Work to be completed: Your task is to reproduce the listing exactly, without its images.

The data:
- Opening Delimiter -

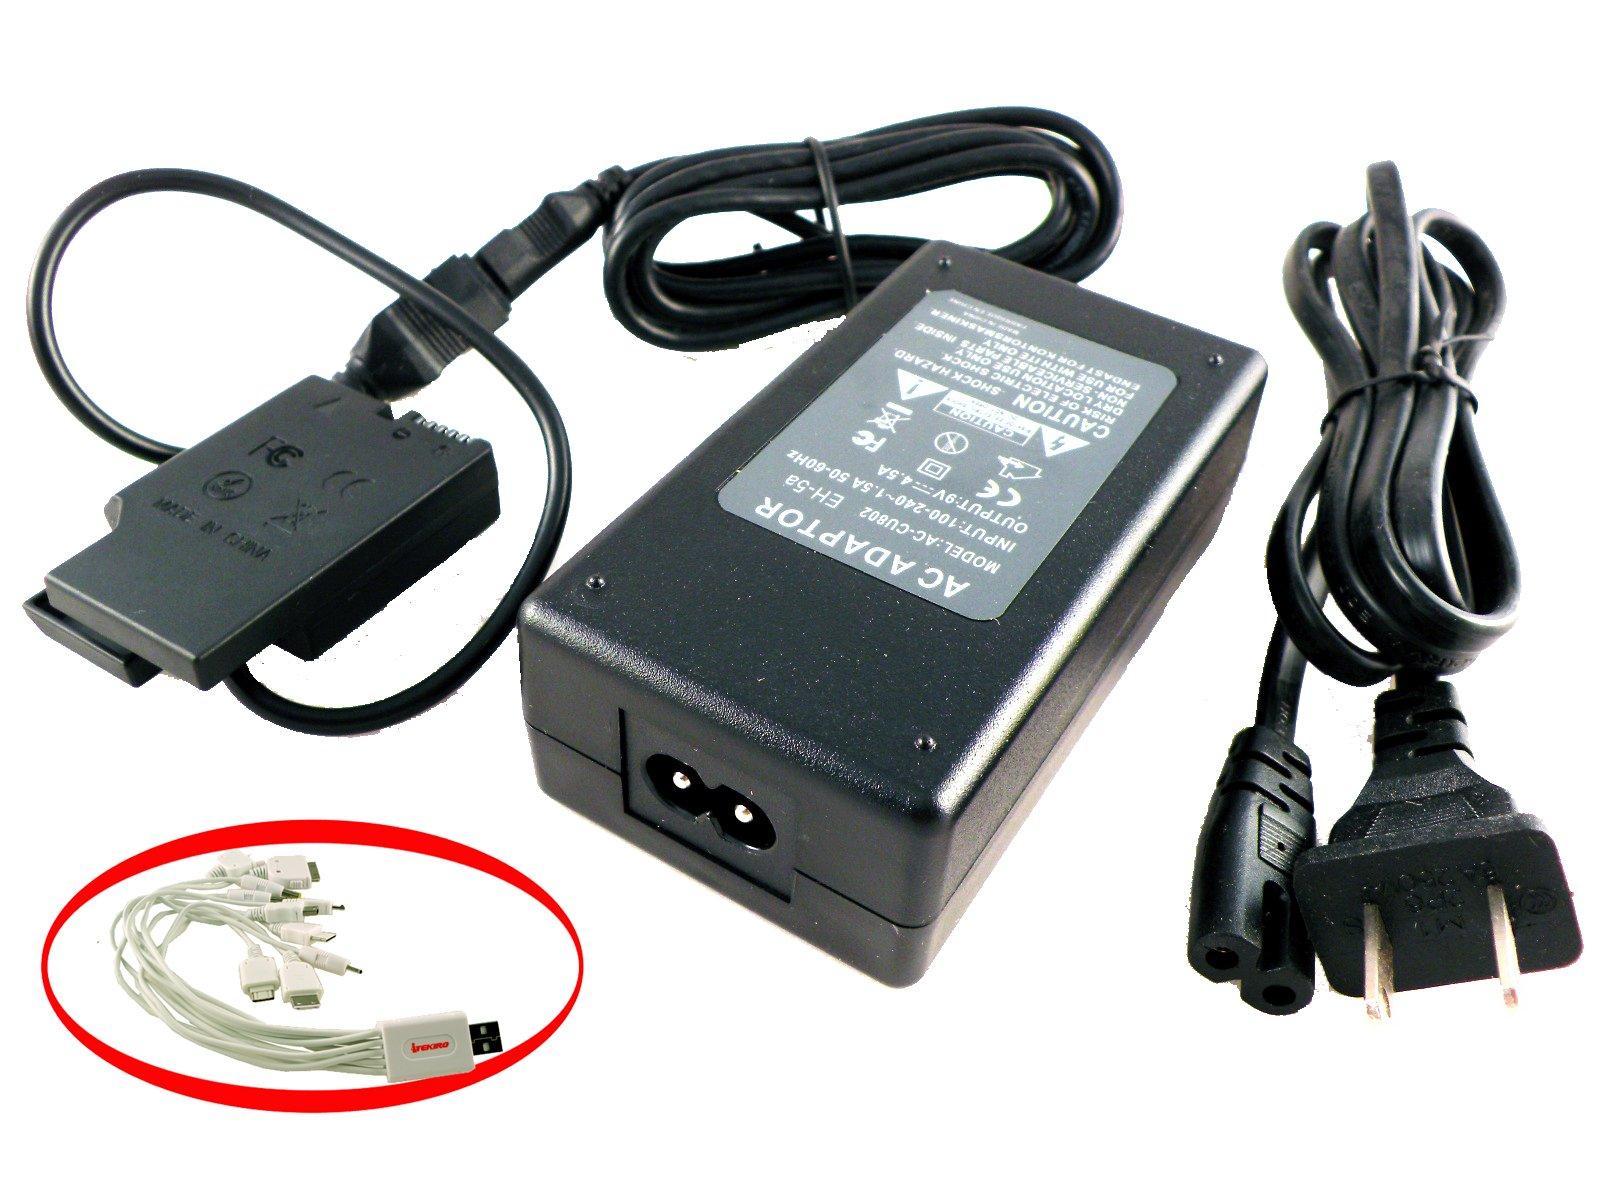 D810 D750 D800 D800E D7100 D600 1 V1 Digital Cameras Polaroid AC Power Adapter Kit For Nikon D7000 D610 Nikon EH5 + EP5B Replacement
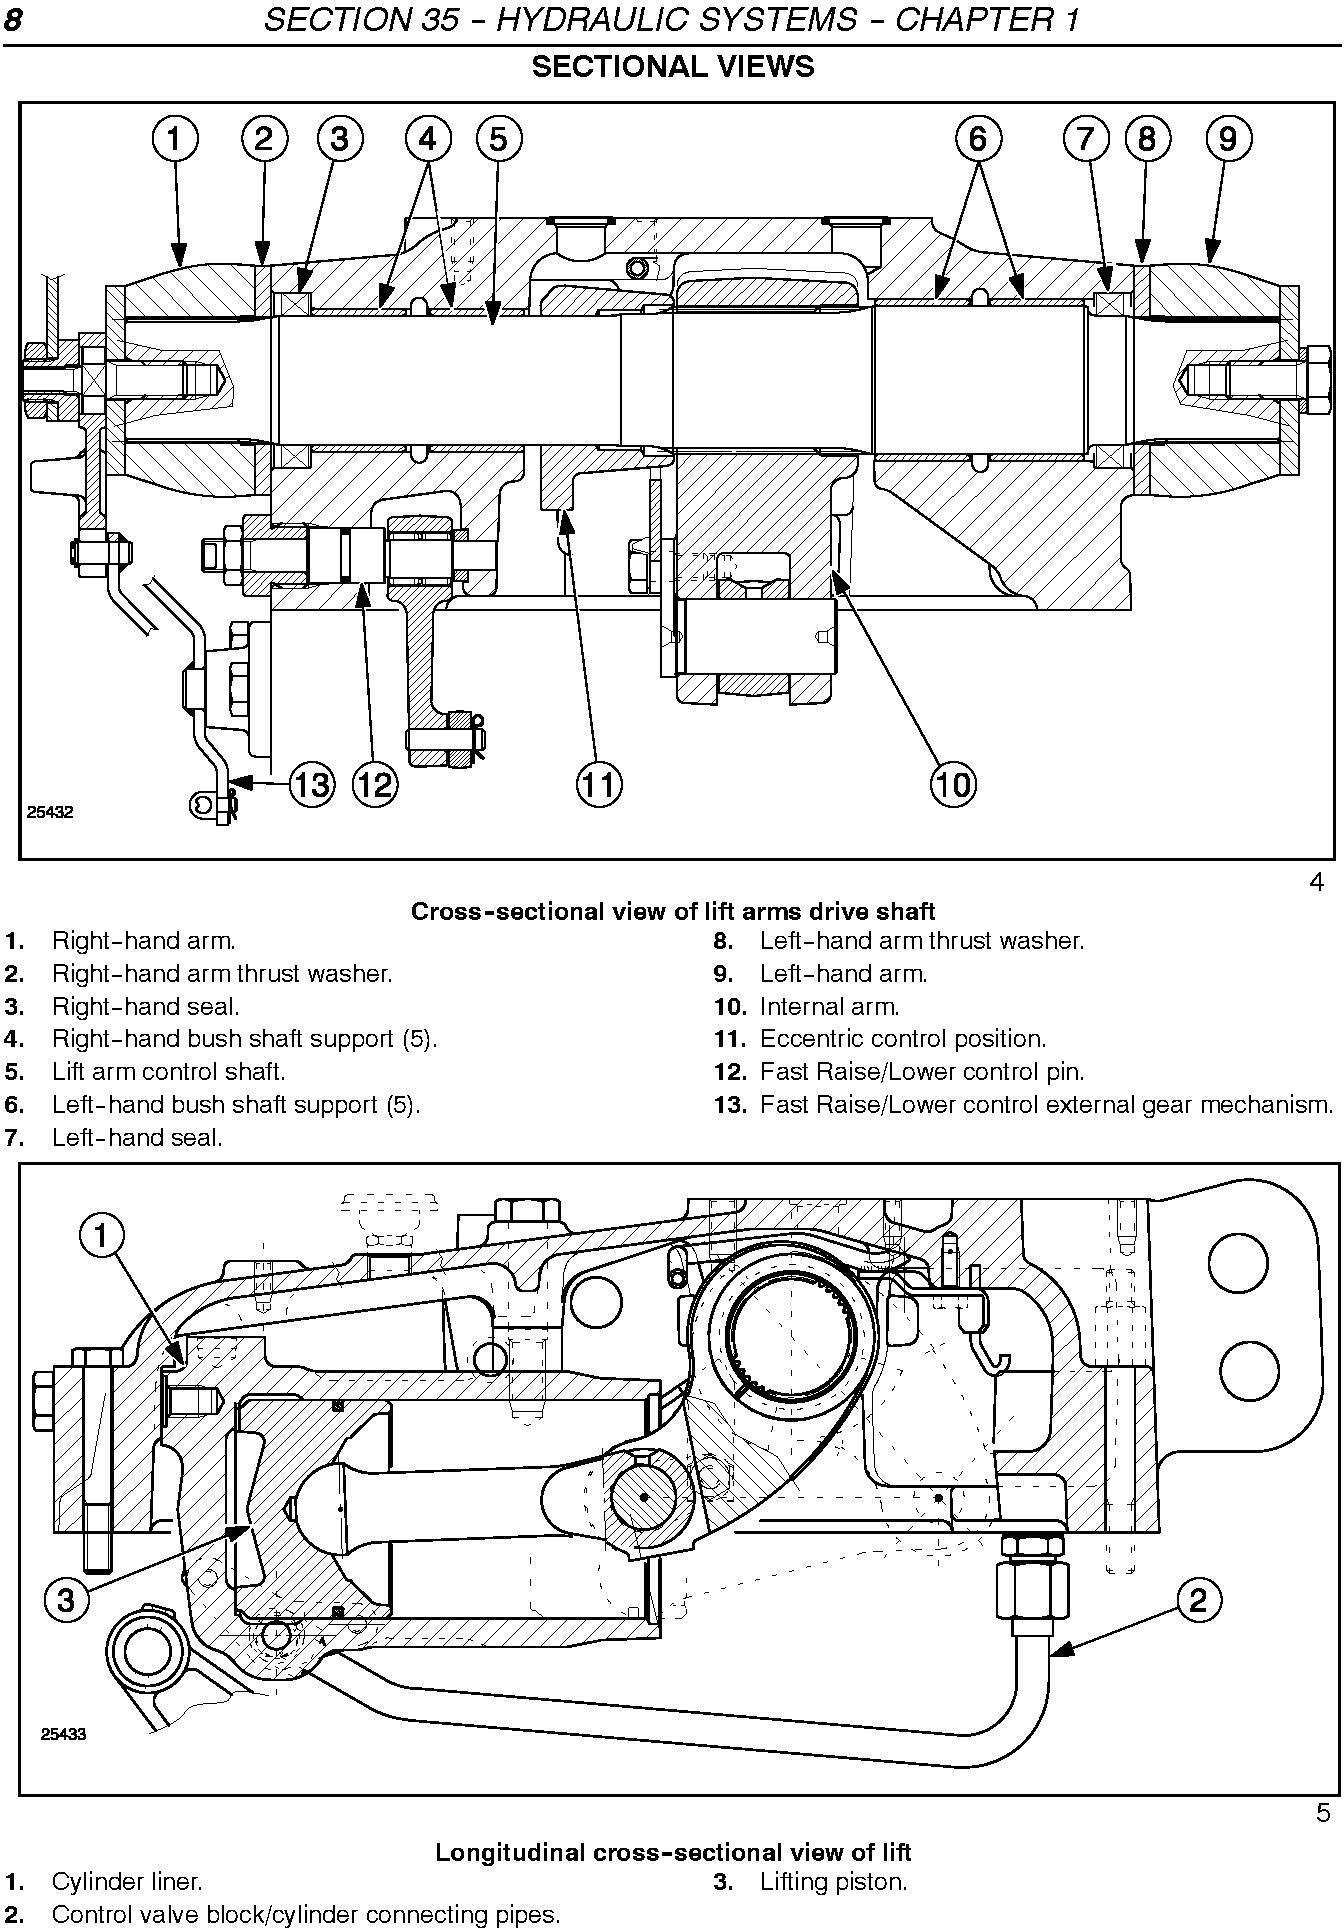 New Holland T4020, T4030, T4040, T4050 Standard Tractors Service Manual - 1
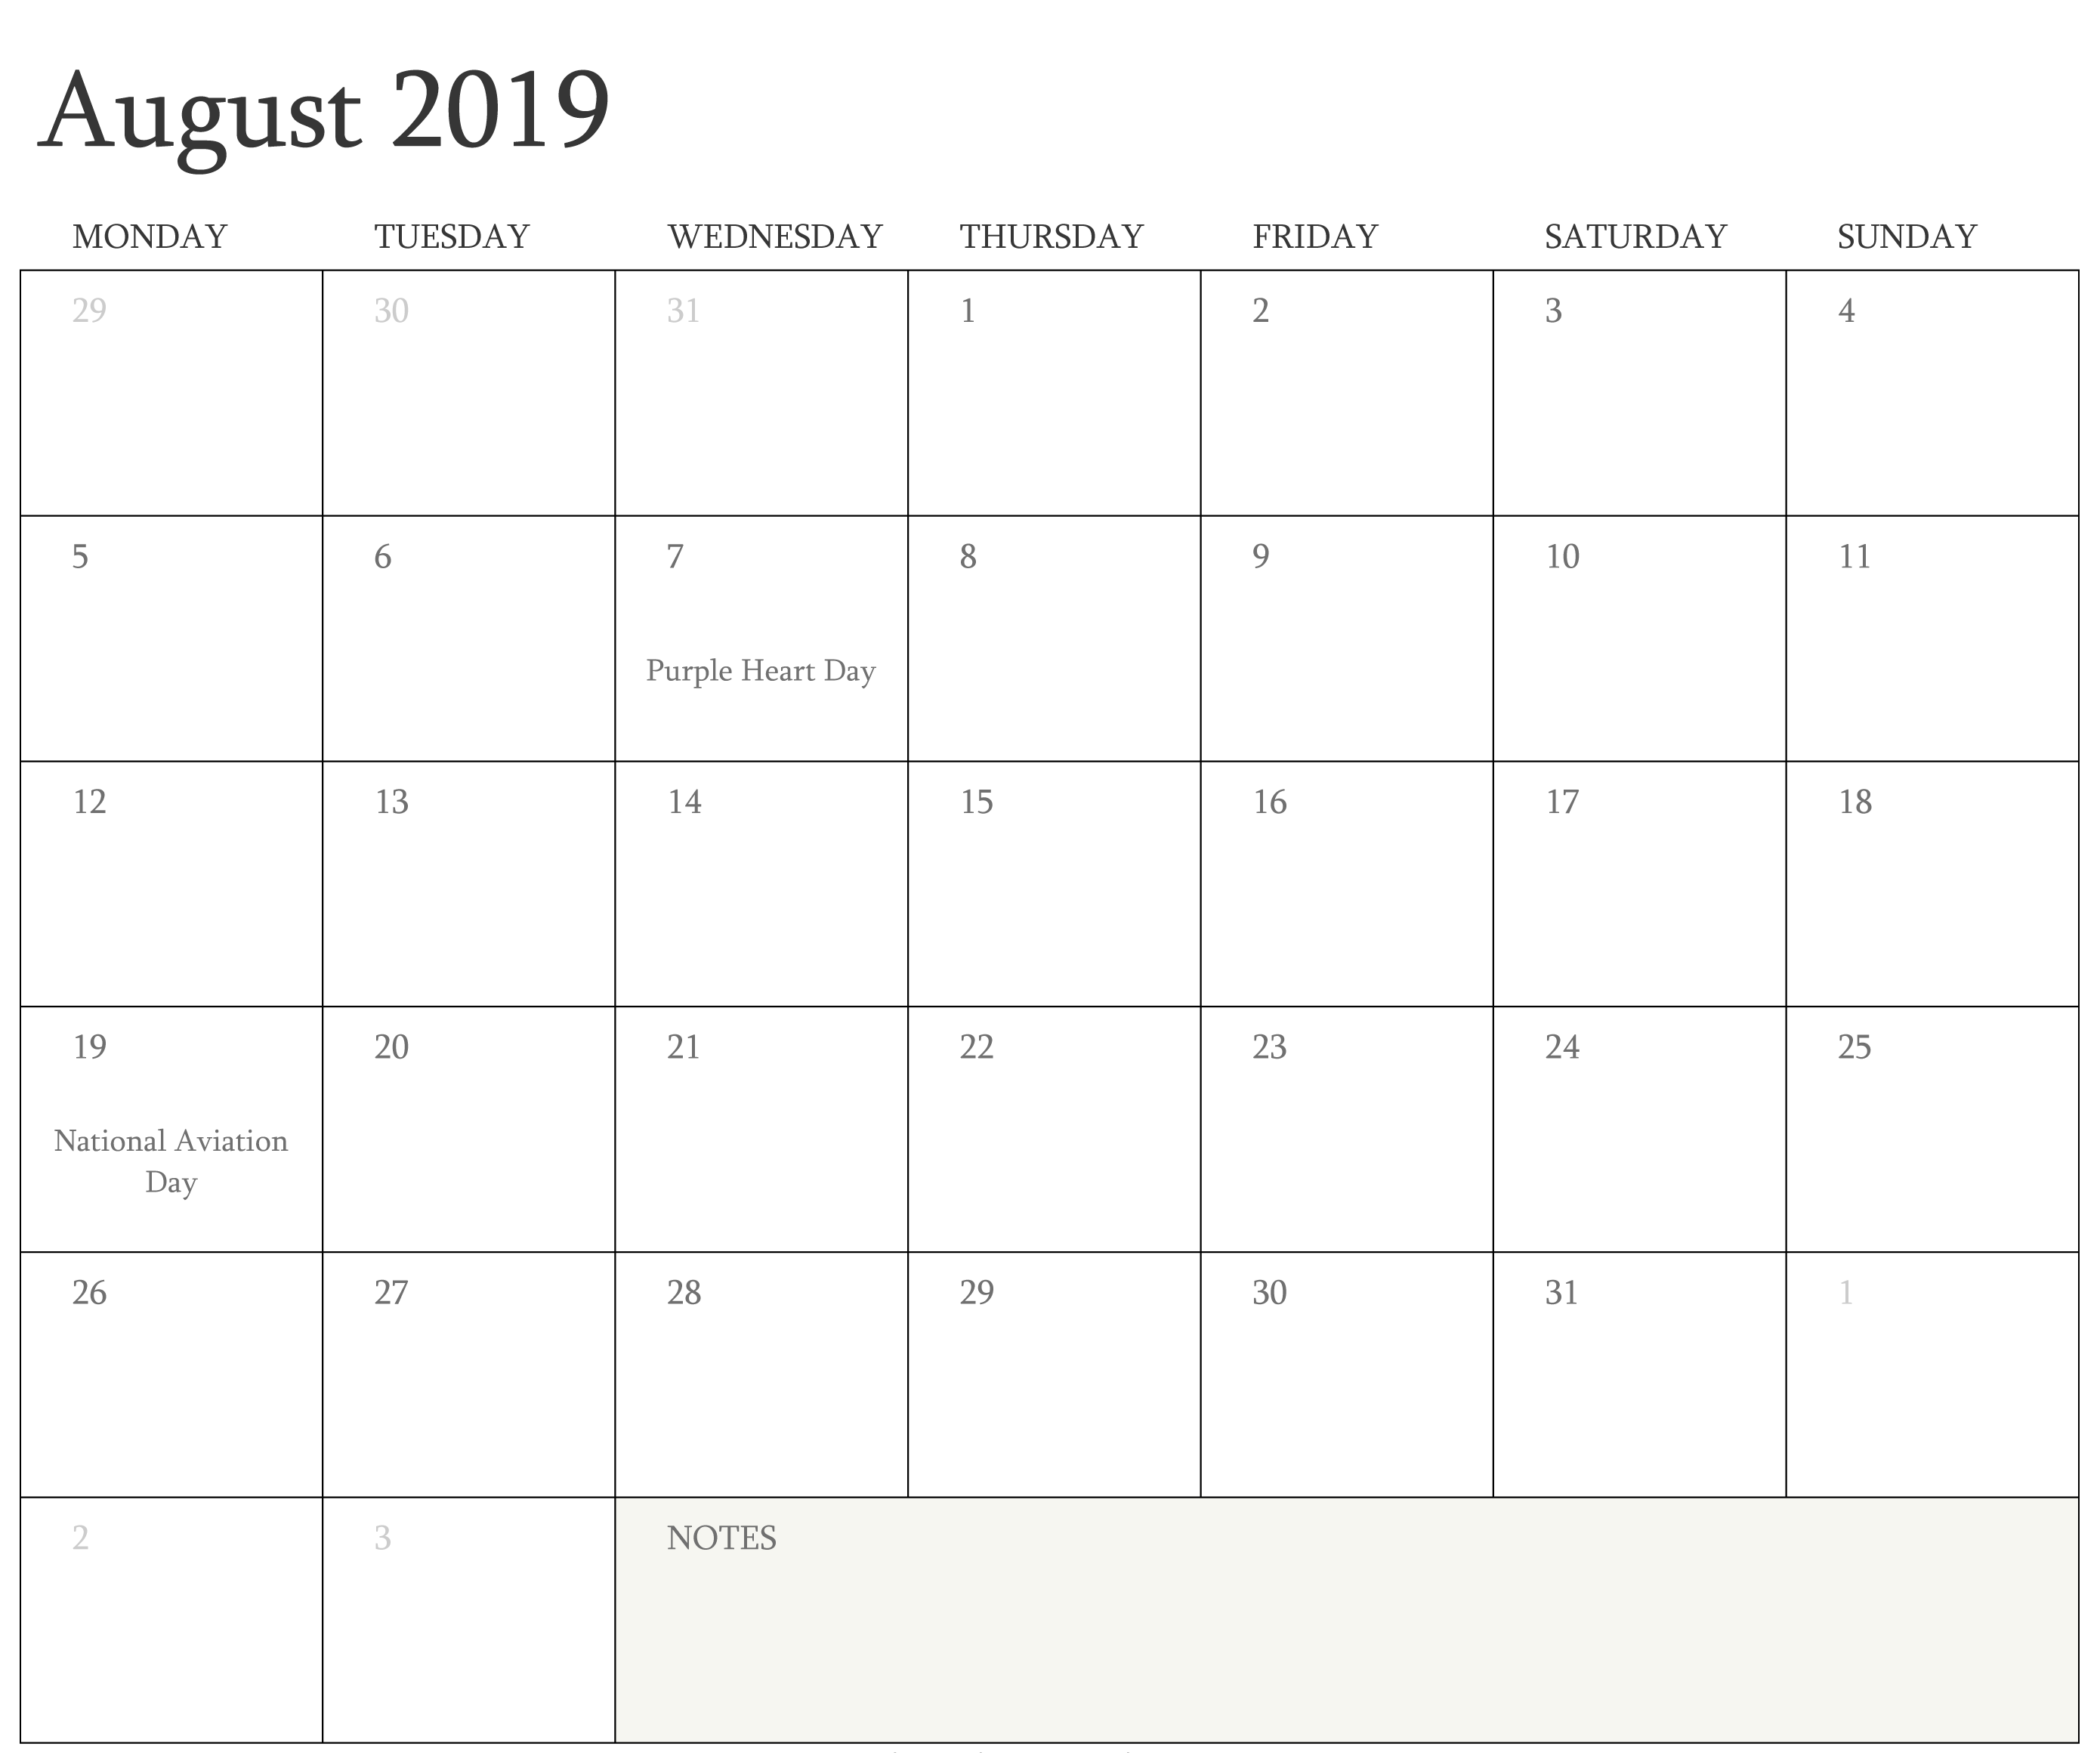 August 2019 Calendar Holidays

- Closing Delimiter -

Result of the exercise:
 D810 D750 D800 D800E D7100 D600 1 V1 Digital Cameras Polaroid AC Power Adapter Kit For Nikon D7000 D610 Nikon EH5 + EP5B Replacement
 New Holland T4020, T4030, T4040, T4050 Standard Tractors Service Manual - 1
 August 2019 Calendar Holidays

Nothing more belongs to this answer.